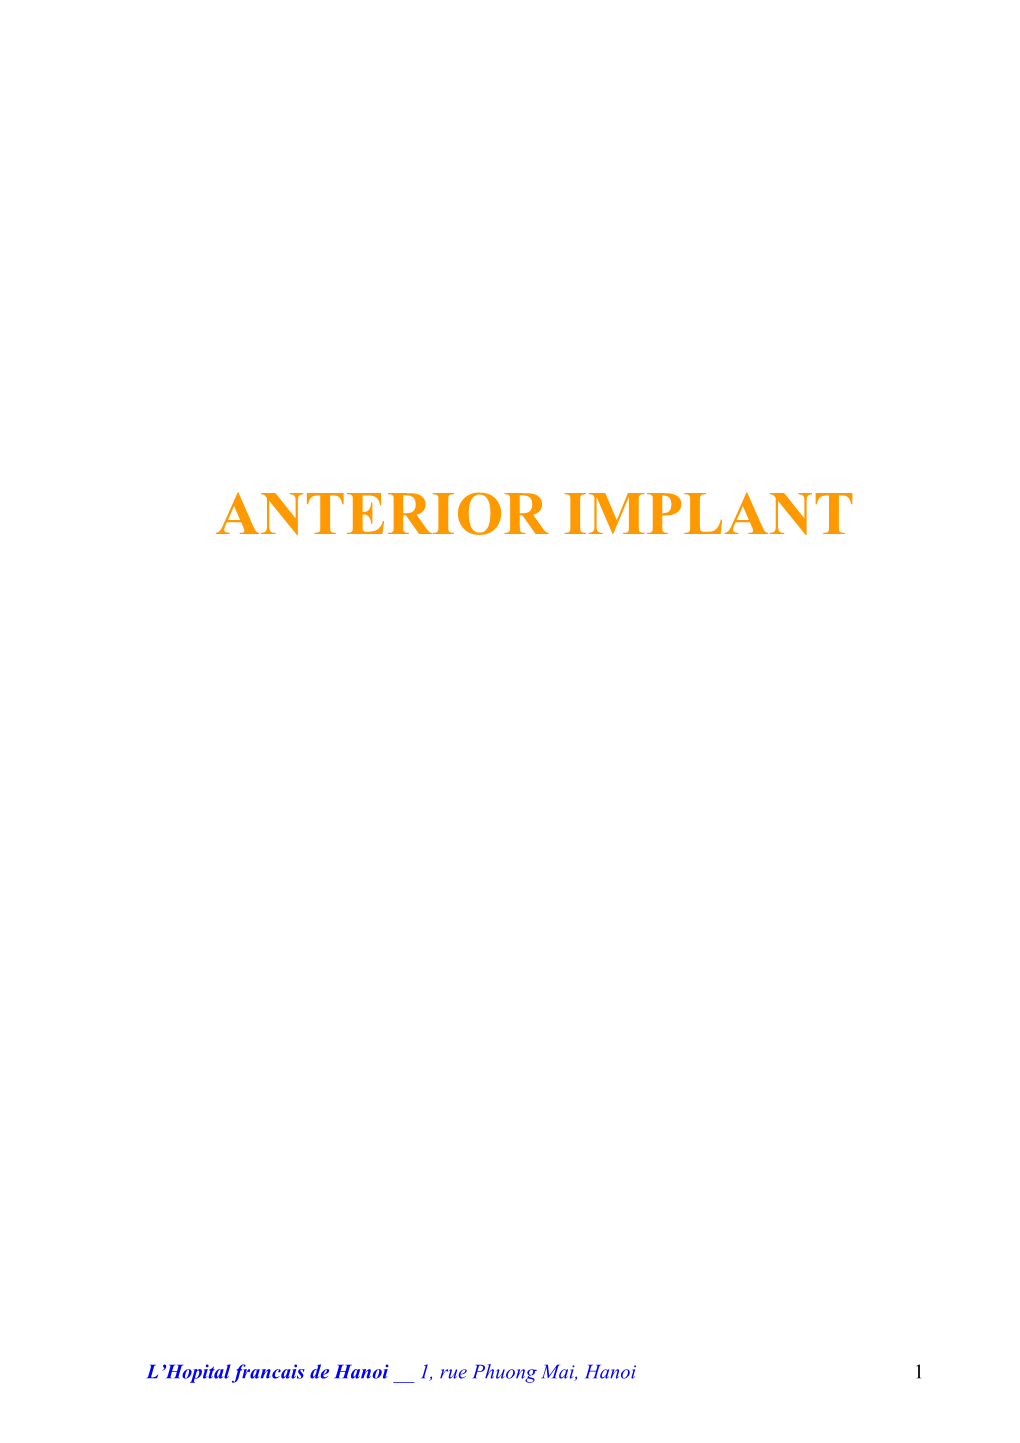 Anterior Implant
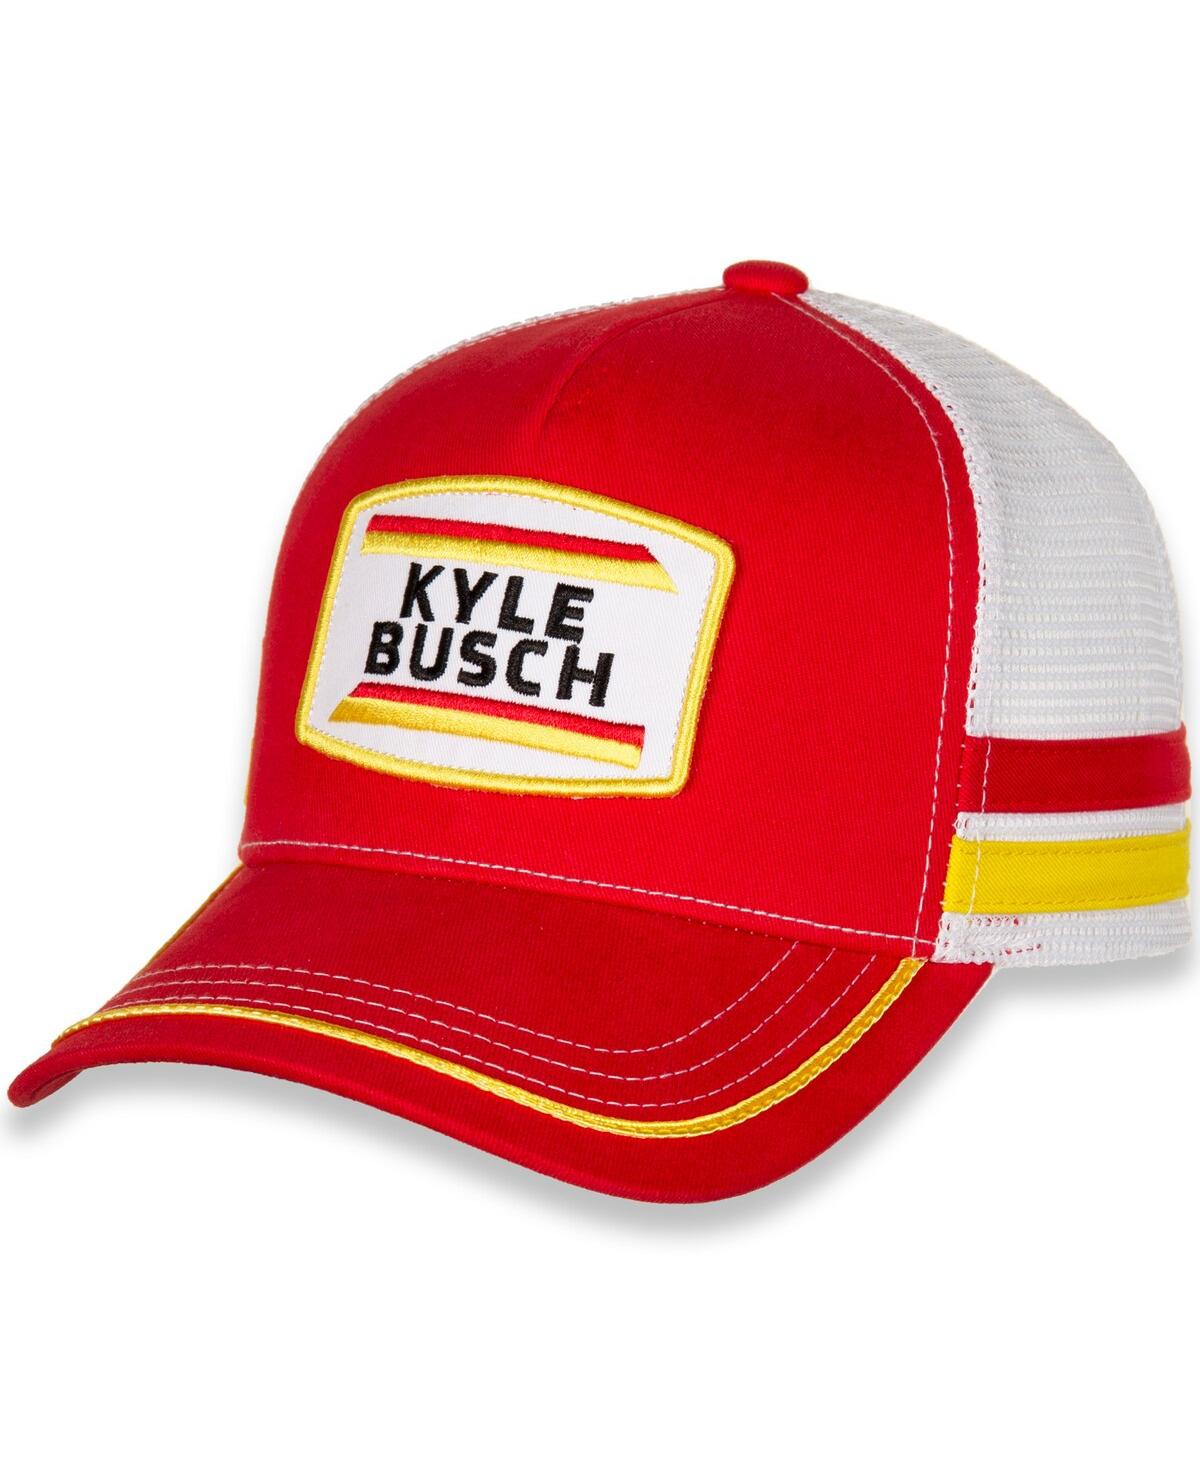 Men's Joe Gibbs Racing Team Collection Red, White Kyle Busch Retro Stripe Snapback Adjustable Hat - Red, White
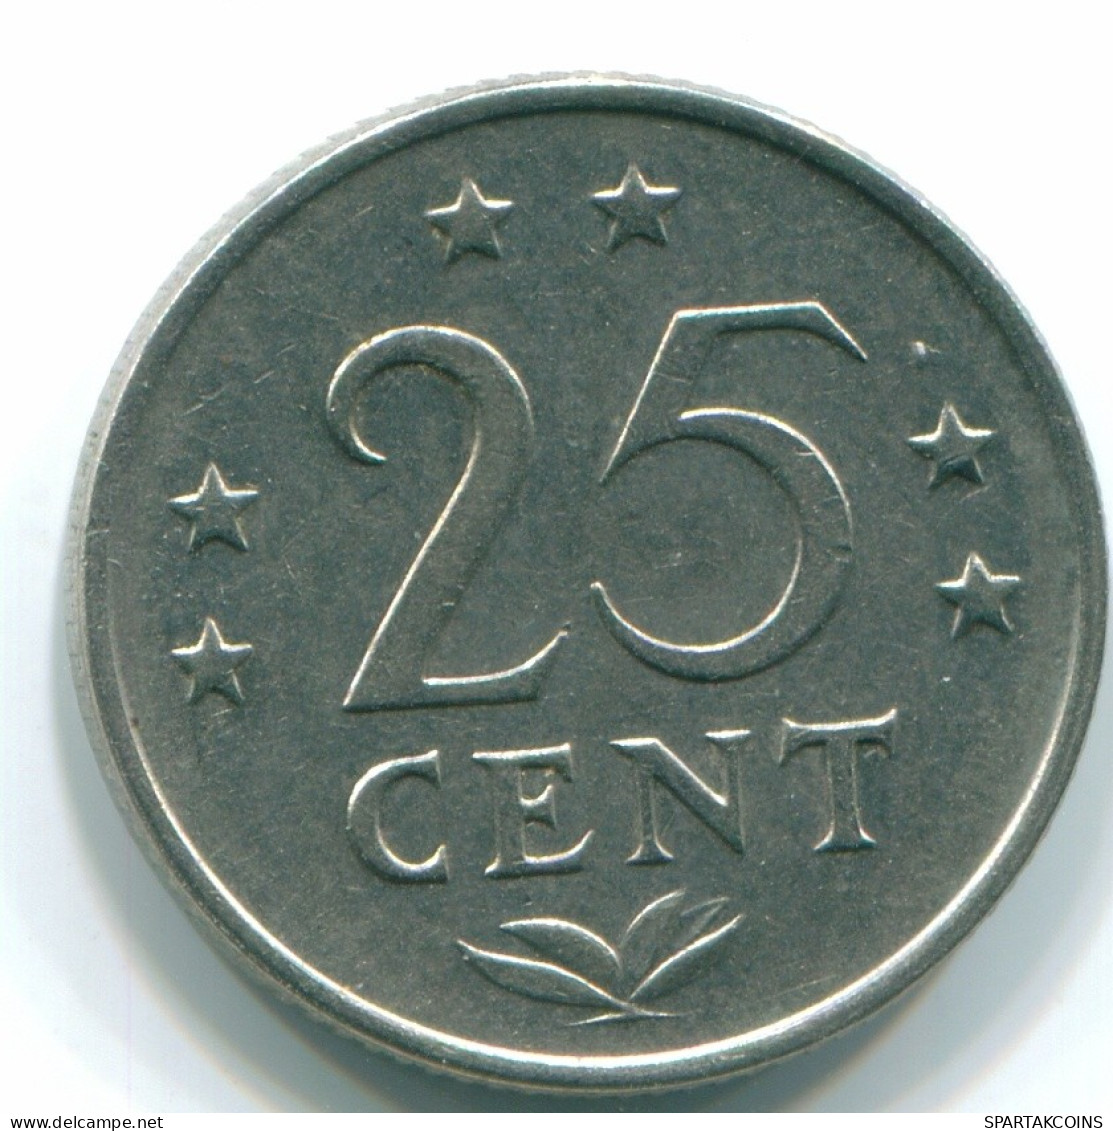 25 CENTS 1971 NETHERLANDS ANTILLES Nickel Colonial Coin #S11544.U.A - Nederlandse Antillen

#### What the exercise asks:
Everything in the data above gets copied exactly. Only the pictures are skipped.

#### Task response:
 Anterior Implant
 Men's Joe Gibbs Racing Team Collection Red, White Kyle Busch Retro Stripe Snapback Adjustable Hat - Red, White
 25 CENTS 1971 NETHERLANDS ANTILLES Nickel Colonial Coin #S11544.U.A - Nederlandse Antillen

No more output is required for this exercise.